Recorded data
•••

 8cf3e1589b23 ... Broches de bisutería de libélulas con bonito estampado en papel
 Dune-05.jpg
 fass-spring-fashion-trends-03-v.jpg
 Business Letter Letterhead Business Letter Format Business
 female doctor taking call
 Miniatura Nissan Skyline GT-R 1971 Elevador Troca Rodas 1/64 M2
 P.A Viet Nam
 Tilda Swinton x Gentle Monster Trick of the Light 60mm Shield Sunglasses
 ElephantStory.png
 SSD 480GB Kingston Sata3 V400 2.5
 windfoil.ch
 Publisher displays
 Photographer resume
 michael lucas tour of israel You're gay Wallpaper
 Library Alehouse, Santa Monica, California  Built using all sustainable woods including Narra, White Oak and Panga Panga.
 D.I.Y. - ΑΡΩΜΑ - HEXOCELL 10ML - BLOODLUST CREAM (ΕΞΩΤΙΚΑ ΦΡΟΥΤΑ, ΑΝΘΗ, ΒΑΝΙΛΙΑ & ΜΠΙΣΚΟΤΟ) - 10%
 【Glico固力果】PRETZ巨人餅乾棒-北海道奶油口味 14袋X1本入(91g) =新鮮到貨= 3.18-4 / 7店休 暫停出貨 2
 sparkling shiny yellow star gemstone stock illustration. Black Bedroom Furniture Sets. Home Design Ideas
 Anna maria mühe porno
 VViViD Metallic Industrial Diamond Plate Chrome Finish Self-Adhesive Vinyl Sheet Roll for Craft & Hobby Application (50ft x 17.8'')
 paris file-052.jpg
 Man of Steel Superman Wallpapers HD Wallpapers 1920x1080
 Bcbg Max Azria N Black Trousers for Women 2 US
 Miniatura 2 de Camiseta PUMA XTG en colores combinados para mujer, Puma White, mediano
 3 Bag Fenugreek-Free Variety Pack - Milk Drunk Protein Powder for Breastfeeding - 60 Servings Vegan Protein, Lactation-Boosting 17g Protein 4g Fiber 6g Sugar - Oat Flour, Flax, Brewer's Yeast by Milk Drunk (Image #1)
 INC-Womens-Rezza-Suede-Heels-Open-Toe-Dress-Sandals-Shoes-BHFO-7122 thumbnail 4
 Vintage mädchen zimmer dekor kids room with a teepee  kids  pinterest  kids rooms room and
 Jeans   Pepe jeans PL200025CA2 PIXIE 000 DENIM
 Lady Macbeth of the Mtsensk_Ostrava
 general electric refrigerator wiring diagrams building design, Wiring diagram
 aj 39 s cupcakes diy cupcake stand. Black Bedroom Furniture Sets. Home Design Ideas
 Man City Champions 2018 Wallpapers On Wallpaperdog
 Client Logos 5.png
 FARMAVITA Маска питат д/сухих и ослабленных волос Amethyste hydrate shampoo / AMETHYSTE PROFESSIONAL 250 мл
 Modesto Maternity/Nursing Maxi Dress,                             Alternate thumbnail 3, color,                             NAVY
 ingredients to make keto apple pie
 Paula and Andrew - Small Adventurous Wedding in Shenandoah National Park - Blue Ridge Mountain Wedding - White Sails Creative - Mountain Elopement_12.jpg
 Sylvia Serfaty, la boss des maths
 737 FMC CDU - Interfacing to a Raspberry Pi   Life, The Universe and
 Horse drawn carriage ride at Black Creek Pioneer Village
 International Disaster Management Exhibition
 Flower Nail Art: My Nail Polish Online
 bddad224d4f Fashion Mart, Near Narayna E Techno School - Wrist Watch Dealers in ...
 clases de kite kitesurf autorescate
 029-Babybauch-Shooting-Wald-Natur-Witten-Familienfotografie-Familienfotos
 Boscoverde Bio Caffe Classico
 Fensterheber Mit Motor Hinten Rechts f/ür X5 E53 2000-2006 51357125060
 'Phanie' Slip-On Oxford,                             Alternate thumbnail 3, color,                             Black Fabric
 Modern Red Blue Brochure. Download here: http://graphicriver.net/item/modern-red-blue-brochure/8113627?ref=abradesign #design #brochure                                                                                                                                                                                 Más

•••

▶ _Assignment_:
Say how many lines of the preceding data include the word "Ideas". The number is the whole answer.

▶ _Worked solution_:
2